Cell--cell communication (CCC) is commonly inferred from ligand--receptor co-expression, an associational paradigm that cannot distinguish causal signaling from shared regulation or confounding. We propose MR-CCC, a Bayesian Mendelian randomization framework that uses cis-eQTLs as instruments for ligand and receptor expression and explicitly models receptor-modulated ligand effects through an interaction term, so the causal effect of a ligand can vary with receptor abundance. A spike--and--slab prior yields posterior inclusion probabilities quantifying evidence for causal signaling, and an efficient Gibbs sampler provides scalable inference.

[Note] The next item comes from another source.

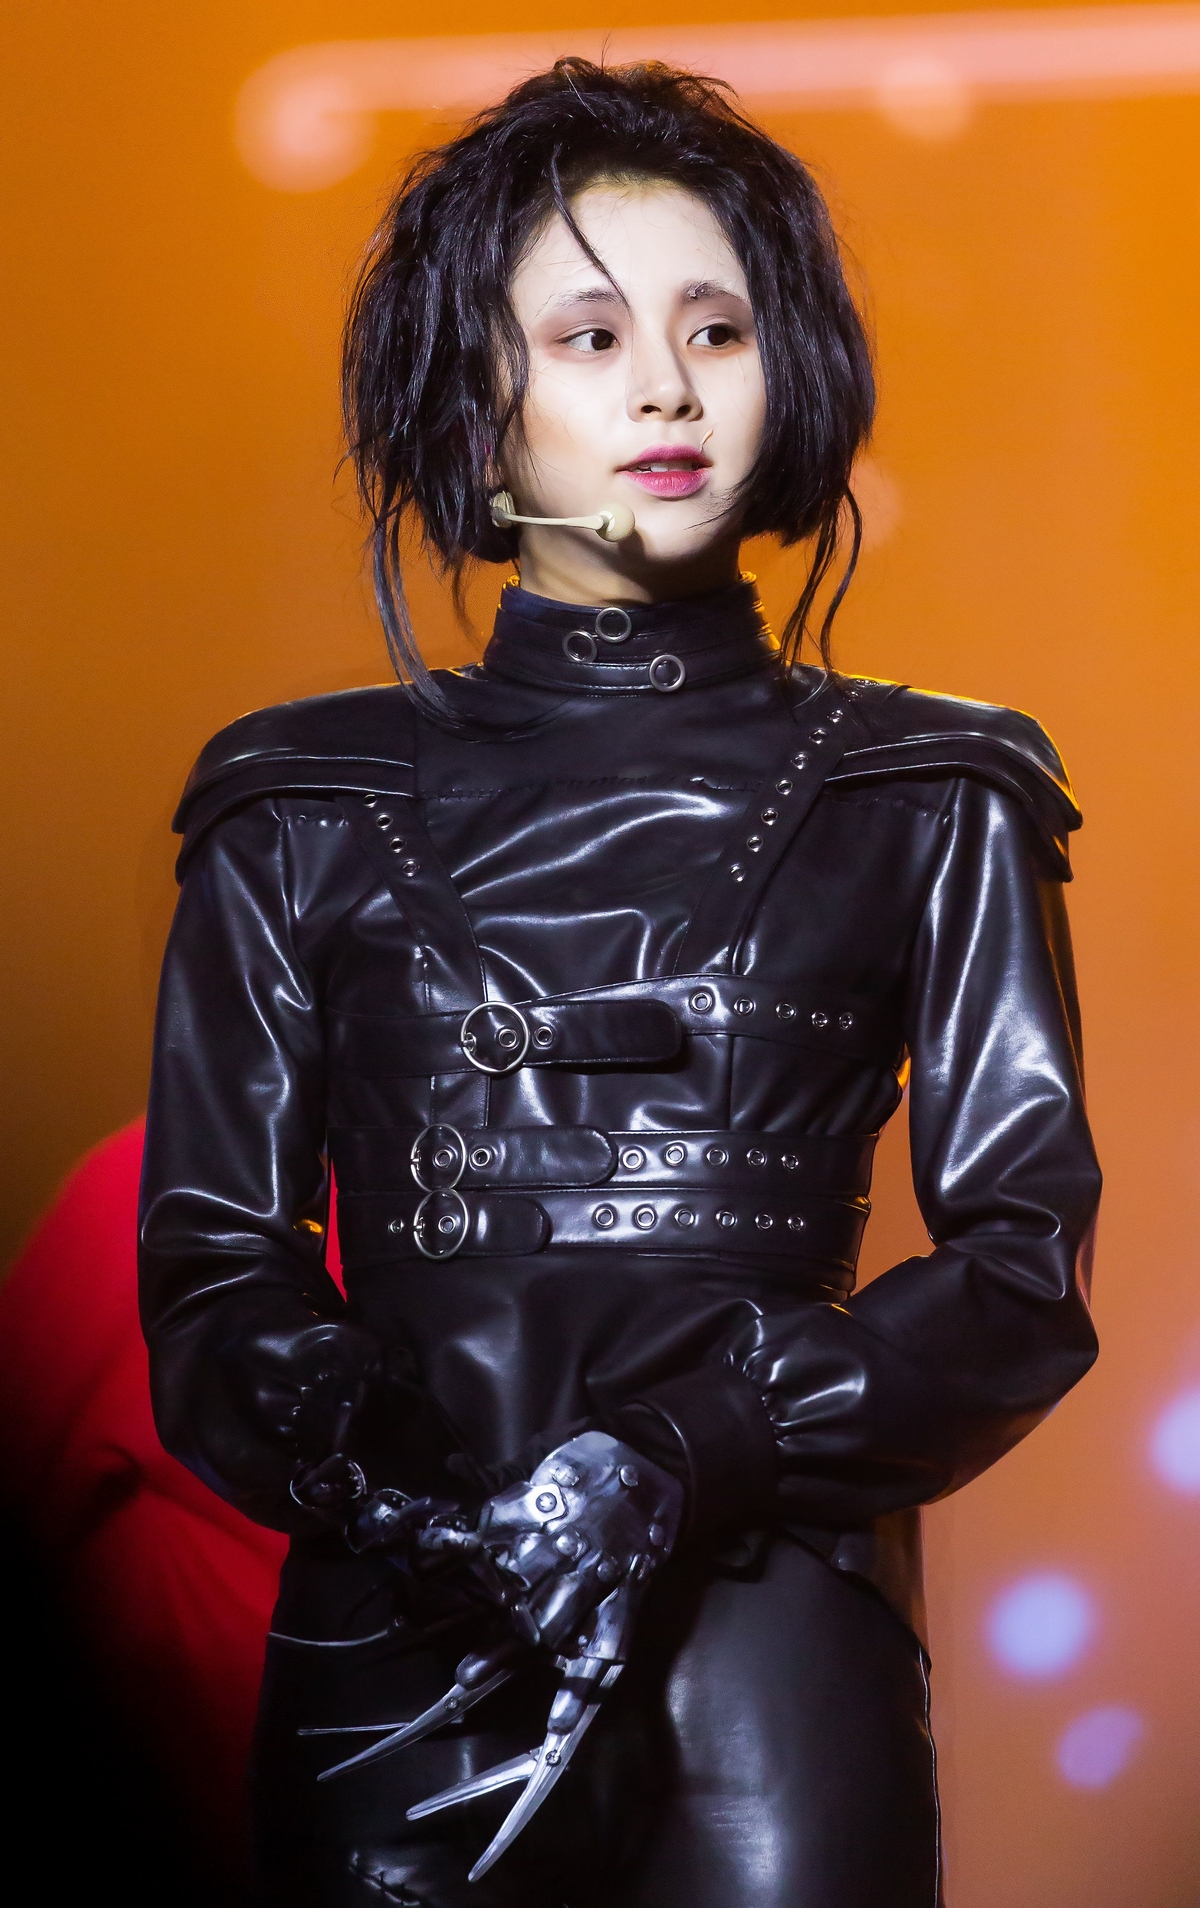 Chaeyoung dressed as Edward Scissorhands

Benchmarked against naive regression, MVMR, and MR-BMA, MR-CCC controls false discoveries under confounding while retaining high power, and uniquely estimates both the ligand main and receptor-modulated interaction effects. Applied to the OneK1K NK cells $\to$ monocytes axis, MR-CCC identifies eight discoveries across GABA, interferon, interleukin, and prostaglandin signaling, including a stoichiometry-dependent dissociation of the two IL-18 receptor chains and co-discovery of both obligate IFN-$\gamma$ receptor subunits.

Editorial analysis

A structured set of objections, weighed in public.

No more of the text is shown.